Content starts
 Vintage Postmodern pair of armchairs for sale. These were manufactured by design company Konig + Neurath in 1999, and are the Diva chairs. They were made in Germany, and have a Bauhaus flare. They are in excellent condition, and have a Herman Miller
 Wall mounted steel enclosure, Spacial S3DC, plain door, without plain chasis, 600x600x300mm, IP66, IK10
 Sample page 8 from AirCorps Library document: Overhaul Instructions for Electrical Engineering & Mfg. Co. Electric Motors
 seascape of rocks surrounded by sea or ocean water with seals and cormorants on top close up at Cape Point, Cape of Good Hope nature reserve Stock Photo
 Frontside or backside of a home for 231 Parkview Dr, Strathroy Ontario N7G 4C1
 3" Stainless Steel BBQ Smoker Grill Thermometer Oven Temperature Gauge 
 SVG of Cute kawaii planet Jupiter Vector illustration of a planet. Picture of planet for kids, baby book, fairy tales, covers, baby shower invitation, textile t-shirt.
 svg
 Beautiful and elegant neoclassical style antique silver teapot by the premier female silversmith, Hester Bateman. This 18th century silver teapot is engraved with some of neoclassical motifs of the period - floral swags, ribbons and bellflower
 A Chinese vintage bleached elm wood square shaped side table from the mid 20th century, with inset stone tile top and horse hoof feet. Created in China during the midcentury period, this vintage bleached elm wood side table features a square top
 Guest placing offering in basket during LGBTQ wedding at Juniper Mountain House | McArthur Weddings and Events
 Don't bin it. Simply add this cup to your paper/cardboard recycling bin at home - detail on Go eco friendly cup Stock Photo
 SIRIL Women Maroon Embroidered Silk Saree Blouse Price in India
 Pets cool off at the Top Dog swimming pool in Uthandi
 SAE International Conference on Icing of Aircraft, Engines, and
Content ends
Your goal:
Review the entries above and return every line where "century" appears.

Solved problem:
 Beautiful and elegant neoclassical style antique silver teapot by the premier female silversmith, Hester Bateman. This 18th century silver teapot is engraved with some of neoclassical motifs of the period - floral swags, ribbons and bellflower
 A Chinese vintage bleached elm wood square shaped side table from the mid 20th century, with inset stone tile top and horse hoof feet. Created in China during the midcentury period, this vintage bleached elm wood side table features a square top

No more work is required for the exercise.